29 Março 2023
Dias antes de El Salvador marcar o primeiro aniversário de uma polêmica lei que suspende os direitos do devido processo legal como parte de uma suposta repressão à atividade de gangues, vários padres católicos, junto com um cardeal, criticaram os bispos do país por não se manifestarem com mais força em nome de dezenas de milhares de pessoas que agora estão detidas indefinidamente.
A reportagem é de Rhina Guidos, publicada por Catholic News Service, 29-03-2023.
“Exigimos que o governo, o estado salvadorenho, o Ministério Público e todas as instituições responsáveis libertem os presos injustamente [pelo] 'estado de exceção'”, disse pe. Juan Vicente Chopin em uma homilia de 24 de março. Ele se referia às medidas de emergência que permitem às autoridades, desde 27 de março do ano passado, o direito de deter por tempo indeterminado qualquer pessoa suspeita de pertencer ou ter ligação com gangues.

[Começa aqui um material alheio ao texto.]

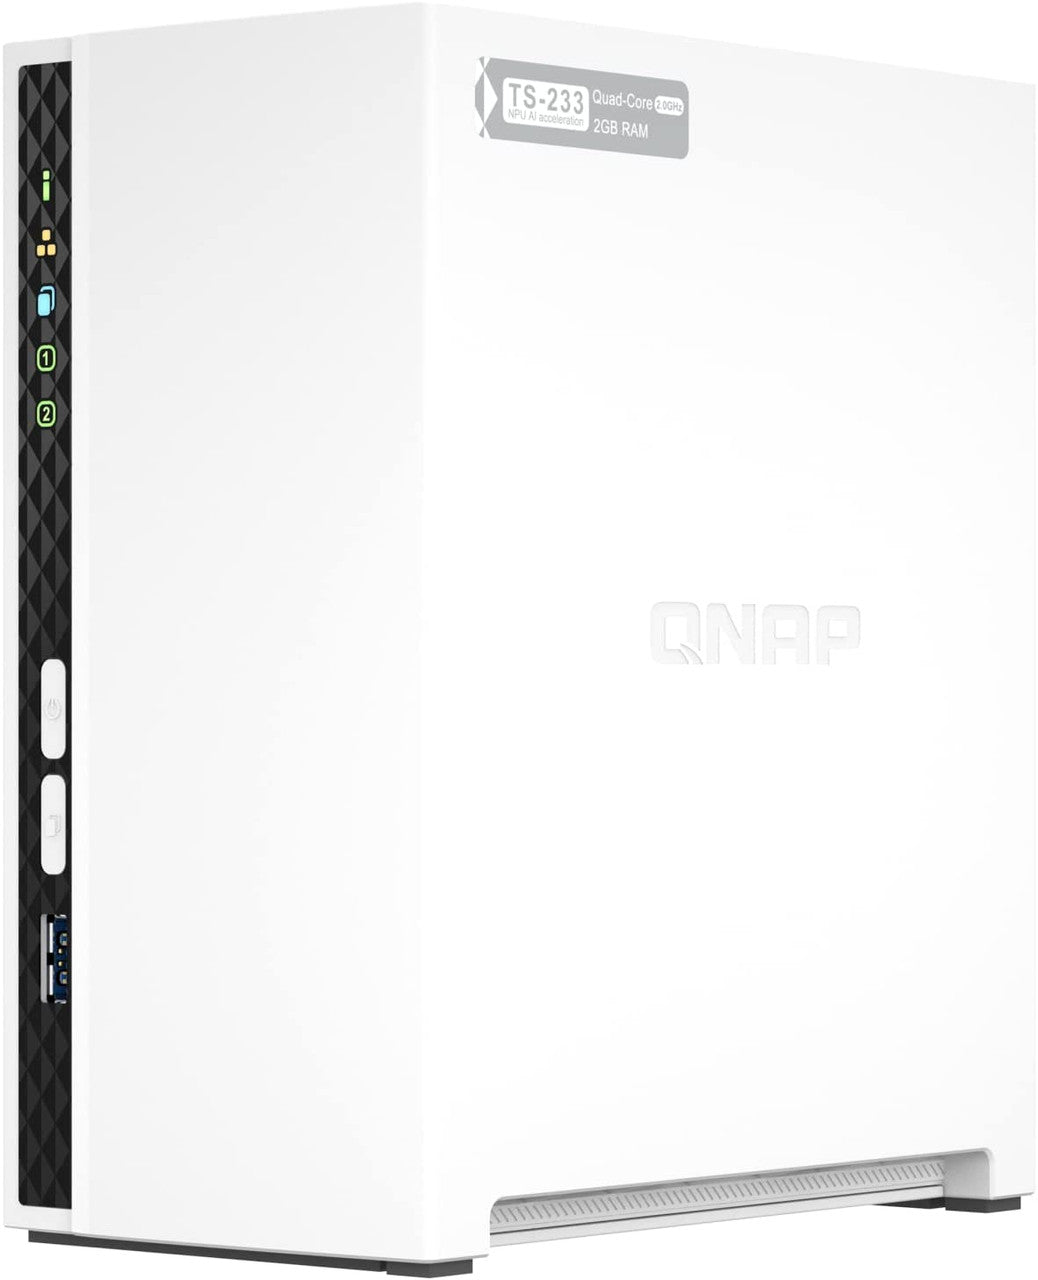 QNAP TS-233 2-Bay Desktop NAS with a 6TB (2 x 3TB) of Western Digital Red Plus Drives Fully Assembled and Tested

Chopin fez a denúncia durante uma missa para marcar a festa de São Oscar Romero no altar onde o bispo salvadorenho foi morto em 24 de março de 1980, um dia depois de denunciar os abusos dos direitos humanos do então governo antes do processo civil salvadorenho. guerra. Chopin exortou os prelados a seguir o exemplo de Romero e "falar claramente em favor das vítimas".
Horas depois, o principal clérigo do país, o cardeal Gregorio Rosa Chávez, também celebrando uma missa para a festa de São Romero na Catedral de San Salvador, concordou com Chopin e disse que aqueles que sofrem abusos do governo devem sentir que seus párocos os abandonaram.

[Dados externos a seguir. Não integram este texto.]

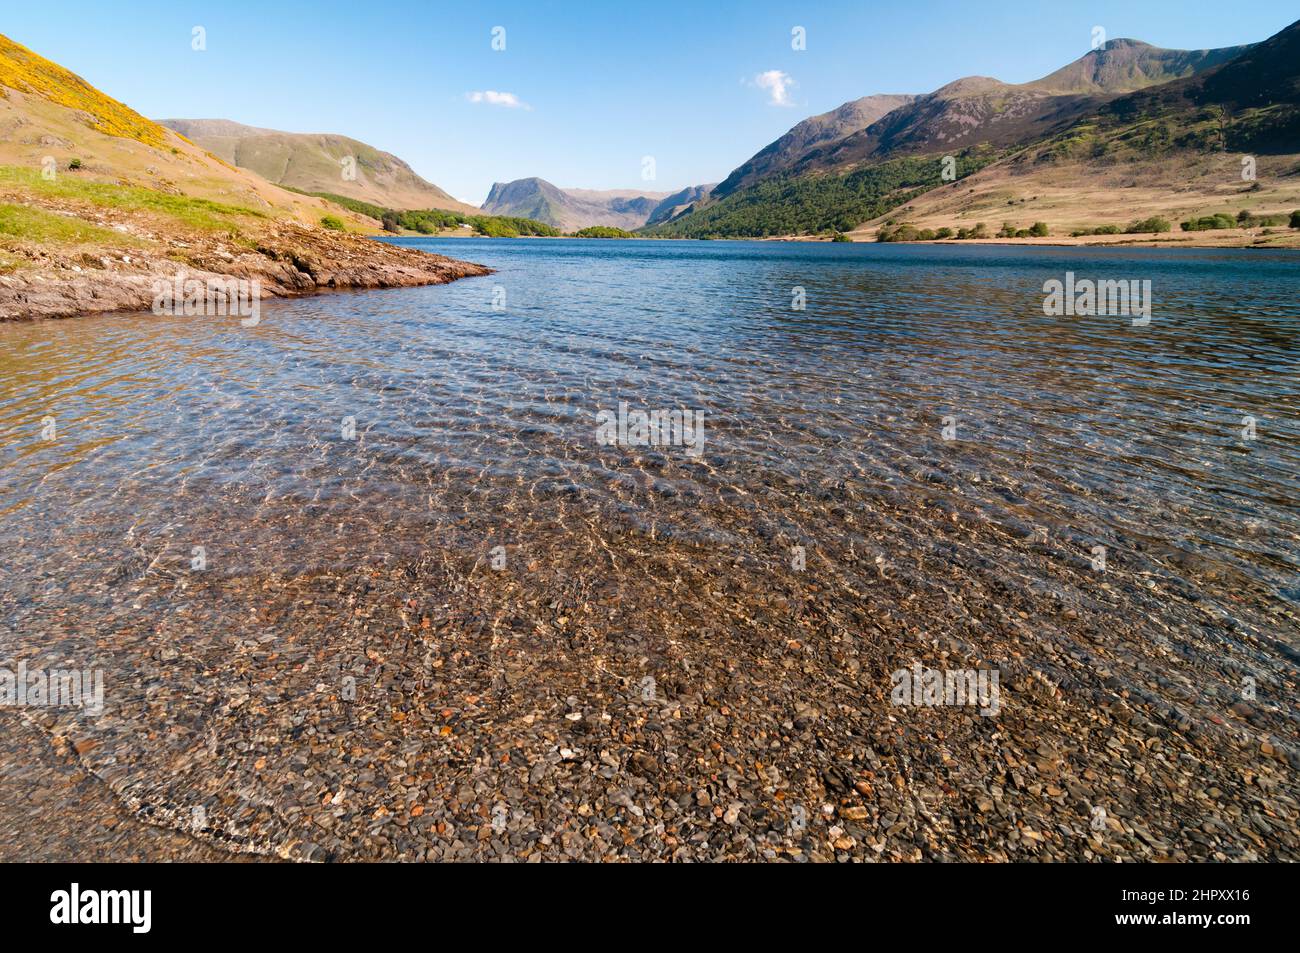 View of Crummock Water and and the surrounding fells of the Buttermere Valley in the Lake District in Cumbria, England. Stock Photo

Como o paralítico do Evangelho de João, que não conseguiu acessar as águas curativas do tanque de Betesda porque não tinha ninguém para ajudá-lo, as mães salvadorenhas com filhos e filhas detidos devem estar proferindo as mesmas palavras sobre seus pastores que permaneceu em silêncio em meio ao sofrimento, dizendo "não tenho ninguém", disse o cardeal.
Mais de 65.000 salvadorenhos foram detidos após o chamado "estado de exceção" nos últimos 12 meses, segundo dados do governo. Em fevereiro, autoridades, incluindo o presidente salvadorenho Nayib Bukele, exibiram uma nova "megaprisão" com capacidade para acomodar mais 40.000 pessoas.
Grupos de direitos humanos dizem que alguns dos detidos não cometeram crimes, mas não têm o direito de se defender perante a lei. Pelo menos 80 morreram no ano passado dentro das prisões lotadas, dizem eles – os inocentes misturados com membros de gangues. O governo divulga regularmente em fotos e vídeos homens tatuados com símbolos de gangues encolhidos em roupas íntimas, uma manipulação visual, dizem alguns, para justificar as medidas.
Pe. Manuel Acosta, professor da Universidade José Simeón Cañas, administrada pelos jesuítas, em San Salvador, disse que essas imagens alimentam um sentimento de vingança que permeou os corações dos salvadorenhos e os bispos também devem falar contra esse sentimento de vingança.
“Me abala profundamente saber que vivemos em uma sociedade onde a vingança é o mecanismo para resolver os problemas sociais, e a Igreja, os bispos, não dizem nada”, disse ele. "Eu visito as cadeias, a prisão, vejo o sofrimento dos presos e por isso falo. Meus familiares foram assassinados por gangues, mas estou convencido, do ponto de vista do Evangelho, que a vingança não é o caminho para a paz."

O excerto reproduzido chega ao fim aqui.